As for other Lepidoptera, 22 tRNA genes were detected in Dendrolimus mitochondrial genomes, and ranged in size from 64 to 71 bp. Fourteen tRNA genes were coded on the majority strand (J-strand) with eight coded on the minority strand (N-strand). All the tRNA genes have classic cloverleaf secondary structures except for the trnS1 (AGN) gene, where the dihydrouridine (DHU) arm is replaced by unpaired nucleotides. This feature is common to most Lepidopteran mitochondrial genomes except the tortricid Adoxophyes honmai, which has all tRNA genes with complete cloverleaf structures [60]. These aberrant tRNA genes may be modified via RNA-editing mechanisms [61,62]. Many mismatches were found in each of the newly sequenced genomes resulting in some small differences (Additional file 7). There were 16 identical mismatched base pairs and G-U wobble pairs in tRNA structures for all eight samples.

Base composition, AT-skew and codon usage were calculated for the eight newly sequenced genomes and the 12 published Bombycidae mitochondrial genomes (Table 1). The base composition of the J-strand of the Dendrolinus species fell within the range of other Bombycoidea species, and their nucleotide compositions were significantly biased toward A and T (Additional file 8). The nucleotide skew statistics for the entire majority strand of eight individuals indicated a weak A skew and a moderate C skew. In the protein coding genes, both the second and the third positions had negative AT-skew and GC-skew, with the first position having positive AT-skew and GC-skew; overall, PCGs had a negative AT-skew and a positive GC-skew (Additional file 8). The nucleotide skew statistics for the tRNA genes of the eight Dendrolimus individuals indicated a weak A skew and a moderate C skew. The rrnL gene of Dendrolimus is more than 60 bp longer than that of other Bombycoidea species, and the nucleotide skew statistics for rrnL of the eight individuals showed higher A- and C-skews than other Bombycoidea.

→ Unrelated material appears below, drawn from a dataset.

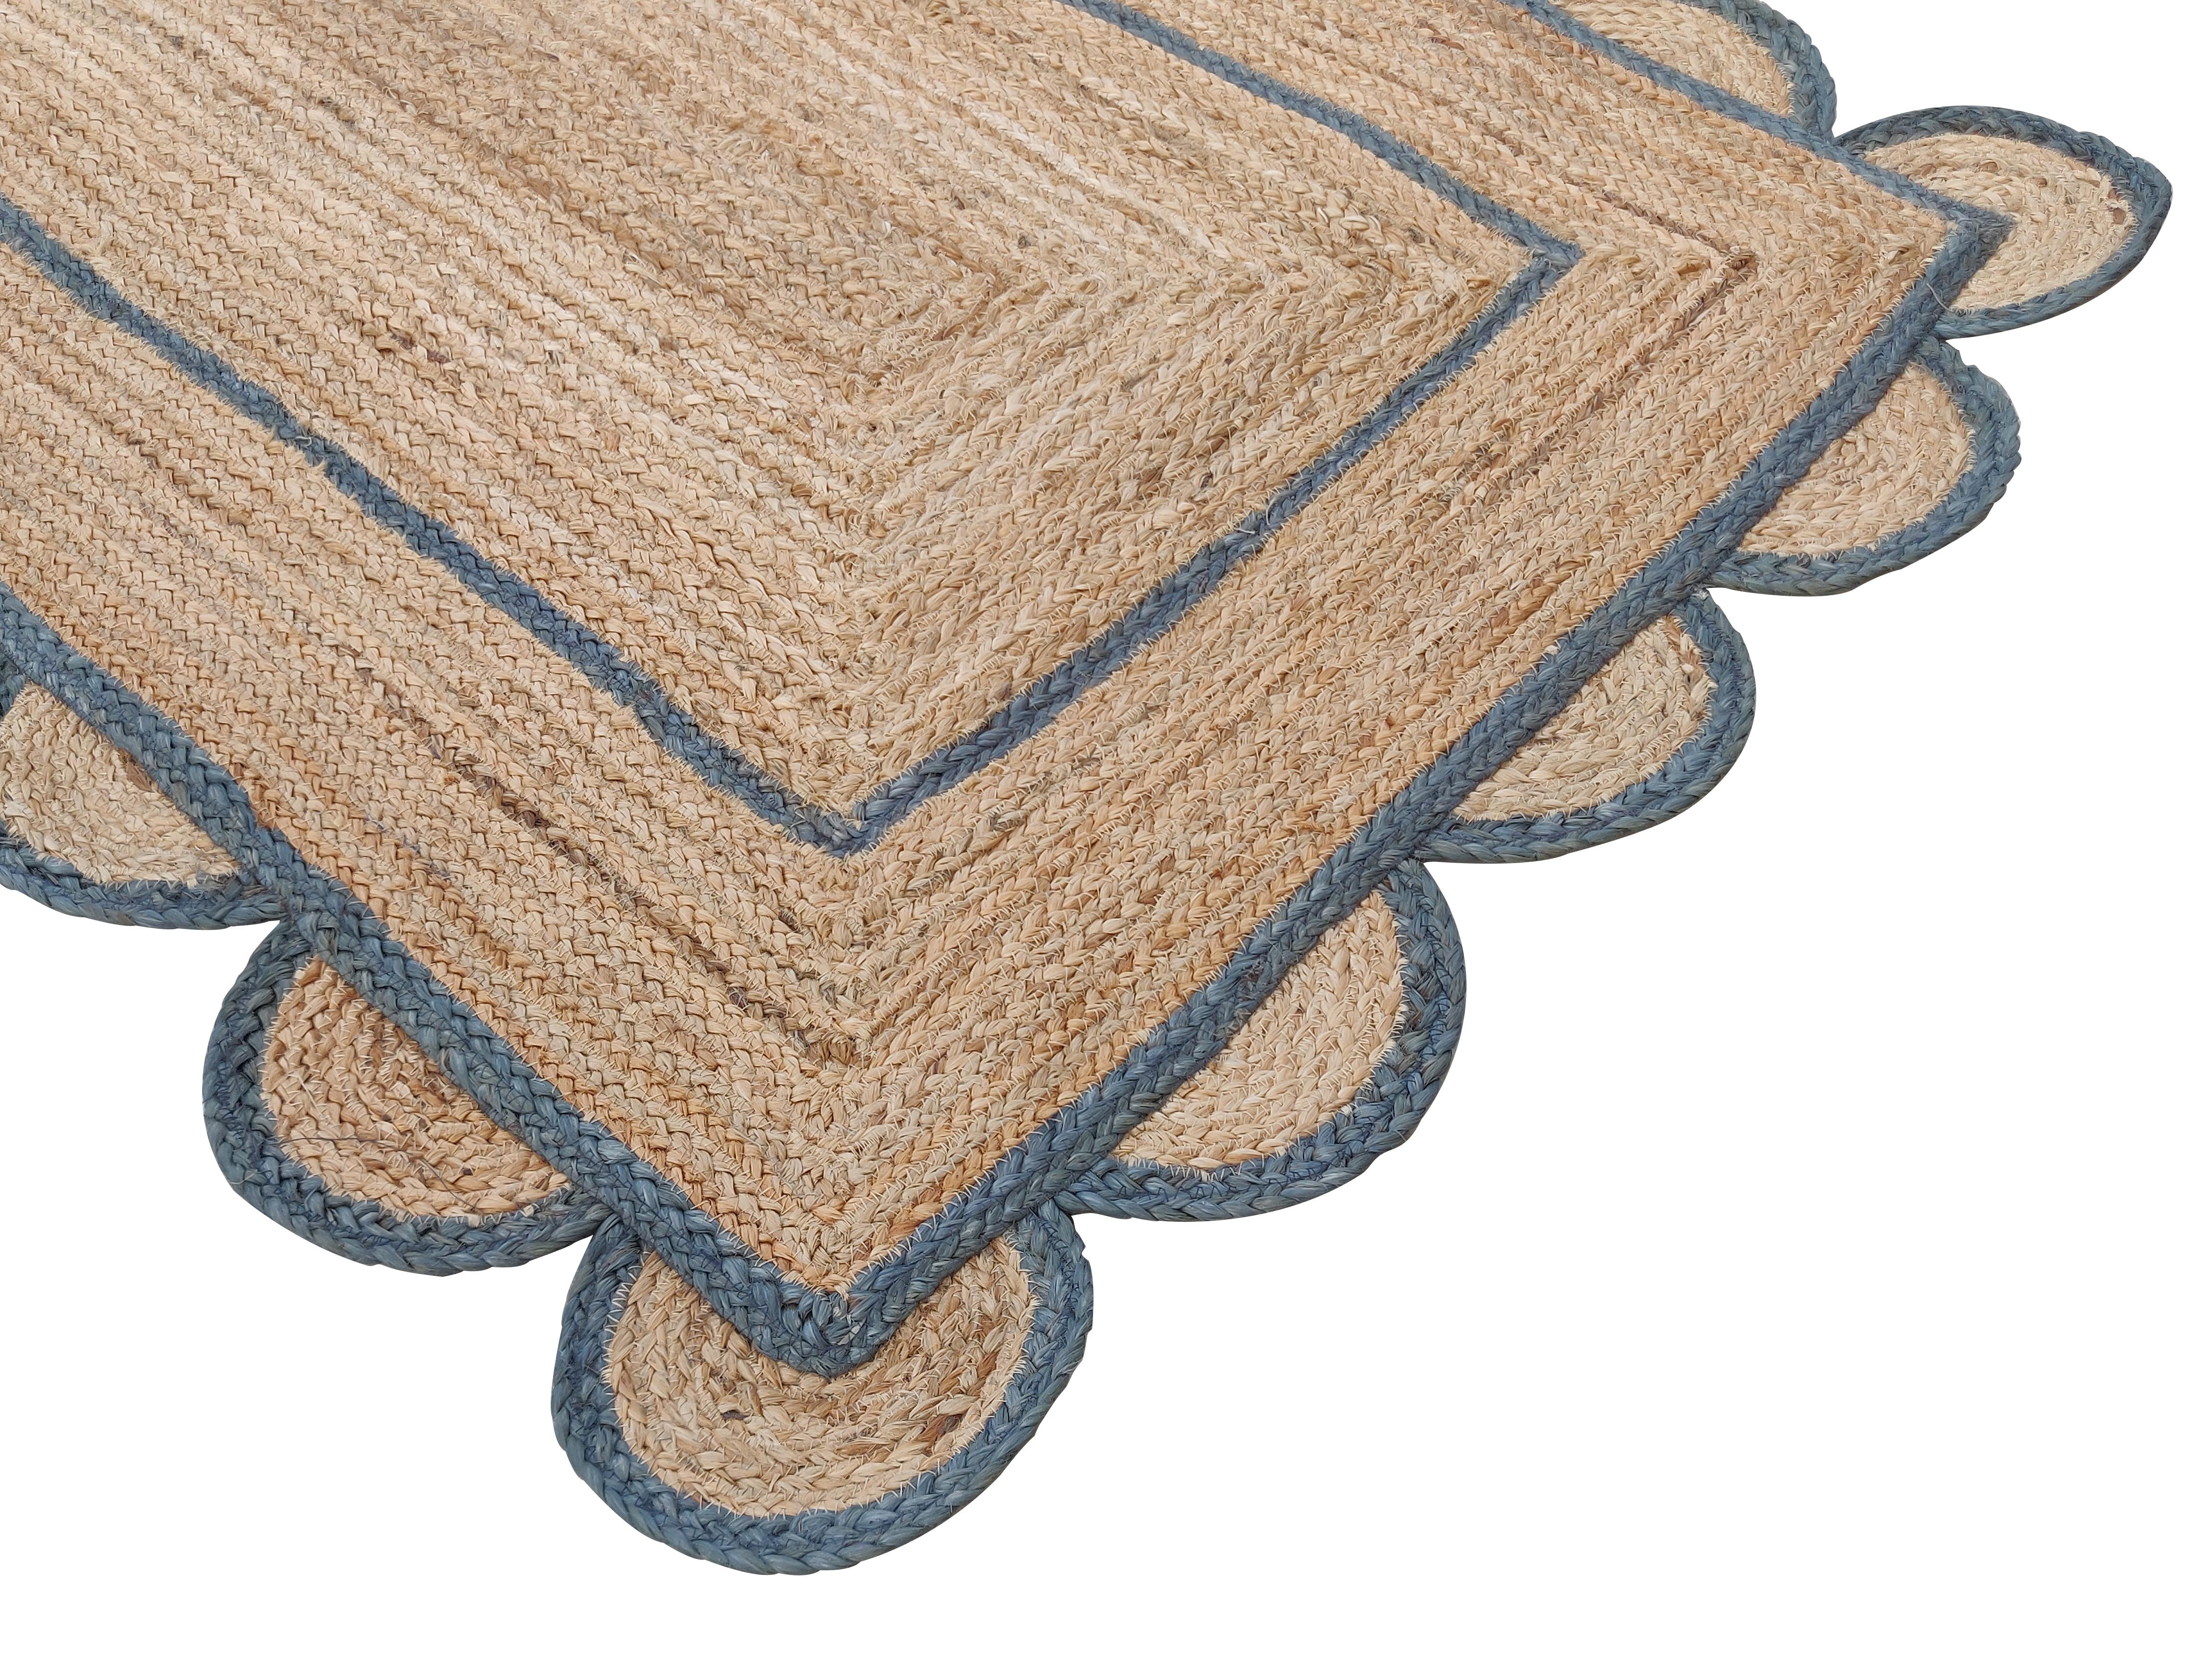 Handmade Jute Scalloped Rug, Grey And Natural Jute Dhurrie -4'x6'

These special flat-weave dhurries are hand-woven with 15 ply 100% cotton yarn. Due to the special manufacturing techniques used to create our rugs, the size and color of each piece

Codon usage and RSCU results of our eight moths and the other Bombycoidea species are also given (Additional file 9). Codon usage bias has been detected in currently sequenced mitochondrial genomes. Excluding stop codons, there were 3726 codons in both D. spectabilis and D. tabulaeformis,. One additional codon was detected in D. punctatus. The codon families show very similar behavior among all 20 species considered (Additional file 9). In the eight newly sequenced genomes, eight codon families (Phe, Leu2, Ile, Met, Ser2, Tyr, Asn, Gly) had at least 50 codons per thousand codons (CDs), and two codon families (Leu2, Ile) had at least 100 codons per thousand CDs; other Bombycoidea species had three codon families (Phe, Leu2, Ile) with at least 100 codons per thousand CDs.

RSCU results of Bombycoidea showed that codons exhibit a strong AT-bias in the third codon position, and GC-rich codons are less preferred among the usage of both four- and twofold degenerate codons [63] (Additional file 9). In our eight specimens, many codons were absent, with AGG absent in D. punctatus wenshanensis03, D. punctatus wenshanensis 06, D. punctatus04, D. tabulaeformis06 and D. tabulaeformis38; UGC and AGG were absent in D. spectabilis02 and D. spectabilis13 (Additional file 9).

Evolutionary relationships based on phylogenetic analyses

The phylogenetic analyses conducted in this study yielded the same topological relationships for the 13PCGs and 37gene data matrices in both ML and BI trees (Figure 2). The BI analyses met the three criteria simultaneously to ensure accurate results. Phylogenetic trees showed that in the genus Dendrolimus, the morphospecies D. spectabilis formed a stable clade distinct from other Dendrolimus, and that D. punctatus (including D. punctatus wenshanensis) and D. tabulaeformis formed a separate monophyletic clade. Thus from a phylogenetic point of view, we conclude that D. spectabilis has evolved as an independent lineage distinct from that of D. punctatus and D. tabulaeformis.
Figure 2

Phylogenetic tree (ML and BI) of Bombycoidea species with outgroups constructed with (1) 13 protein coding genes (13PCGs); (2) 37 genes (13 protein-coding genes + 22 transfer RNA genes + 2 ribosomal RNA genes, 37gene). Numbers above or below branches indicate bootstrap values, in the order of presentation 13PCGs-BI/13PCGs-ML/37gene-BI/37gene-ML. Clades with different colors indicate different families. Specimens within the red box are the newly sequenced genomes of this study.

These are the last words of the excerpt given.